§ WHAT IS BEING ASKED
Every line from the one containing "Asian woman checking" to the one containing "Leather Satchel Purse in Black and Tan" in the records below, both included, must be set down exactly, and no other line.

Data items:
Content starts

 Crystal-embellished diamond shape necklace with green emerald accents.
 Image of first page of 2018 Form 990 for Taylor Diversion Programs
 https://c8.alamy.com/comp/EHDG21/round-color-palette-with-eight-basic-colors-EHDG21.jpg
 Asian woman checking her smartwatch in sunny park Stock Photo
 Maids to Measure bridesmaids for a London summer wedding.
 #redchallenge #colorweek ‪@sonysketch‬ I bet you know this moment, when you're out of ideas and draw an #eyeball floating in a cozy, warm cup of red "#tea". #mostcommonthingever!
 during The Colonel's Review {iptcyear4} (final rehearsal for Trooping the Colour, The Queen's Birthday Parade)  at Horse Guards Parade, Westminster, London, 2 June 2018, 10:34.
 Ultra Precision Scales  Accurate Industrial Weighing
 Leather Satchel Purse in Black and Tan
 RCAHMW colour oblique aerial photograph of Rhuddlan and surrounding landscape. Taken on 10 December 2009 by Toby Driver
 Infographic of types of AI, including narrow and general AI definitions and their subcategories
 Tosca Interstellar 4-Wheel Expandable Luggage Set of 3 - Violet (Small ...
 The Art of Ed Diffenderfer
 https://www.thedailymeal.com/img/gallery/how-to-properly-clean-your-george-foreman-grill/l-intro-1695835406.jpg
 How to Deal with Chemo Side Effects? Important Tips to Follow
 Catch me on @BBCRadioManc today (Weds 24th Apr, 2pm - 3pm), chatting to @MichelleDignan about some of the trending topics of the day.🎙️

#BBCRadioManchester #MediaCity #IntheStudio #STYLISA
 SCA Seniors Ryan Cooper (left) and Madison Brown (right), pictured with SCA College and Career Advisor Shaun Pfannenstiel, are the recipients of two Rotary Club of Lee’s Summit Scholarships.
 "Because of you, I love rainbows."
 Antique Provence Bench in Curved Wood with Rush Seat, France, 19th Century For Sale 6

Content ends

§ ANSWER TO THIS TASK
 Asian woman checking her smartwatch in sunny park Stock Photo
 Maids to Measure bridesmaids for a London summer wedding.
 #redchallenge #colorweek ‪@sonysketch‬ I bet you know this moment, when you're out of ideas and draw an #eyeball floating in a cozy, warm cup of red "#tea". #mostcommonthingever!
 during The Colonel's Review {iptcyear4} (final rehearsal for Trooping the Colour, The Queen's Birthday Parade)  at Horse Guards Parade, Westminster, London, 2 June 2018, 10:34.
 Ultra Precision Scales  Accurate Industrial Weighing
 Leather Satchel Purse in Black and Tan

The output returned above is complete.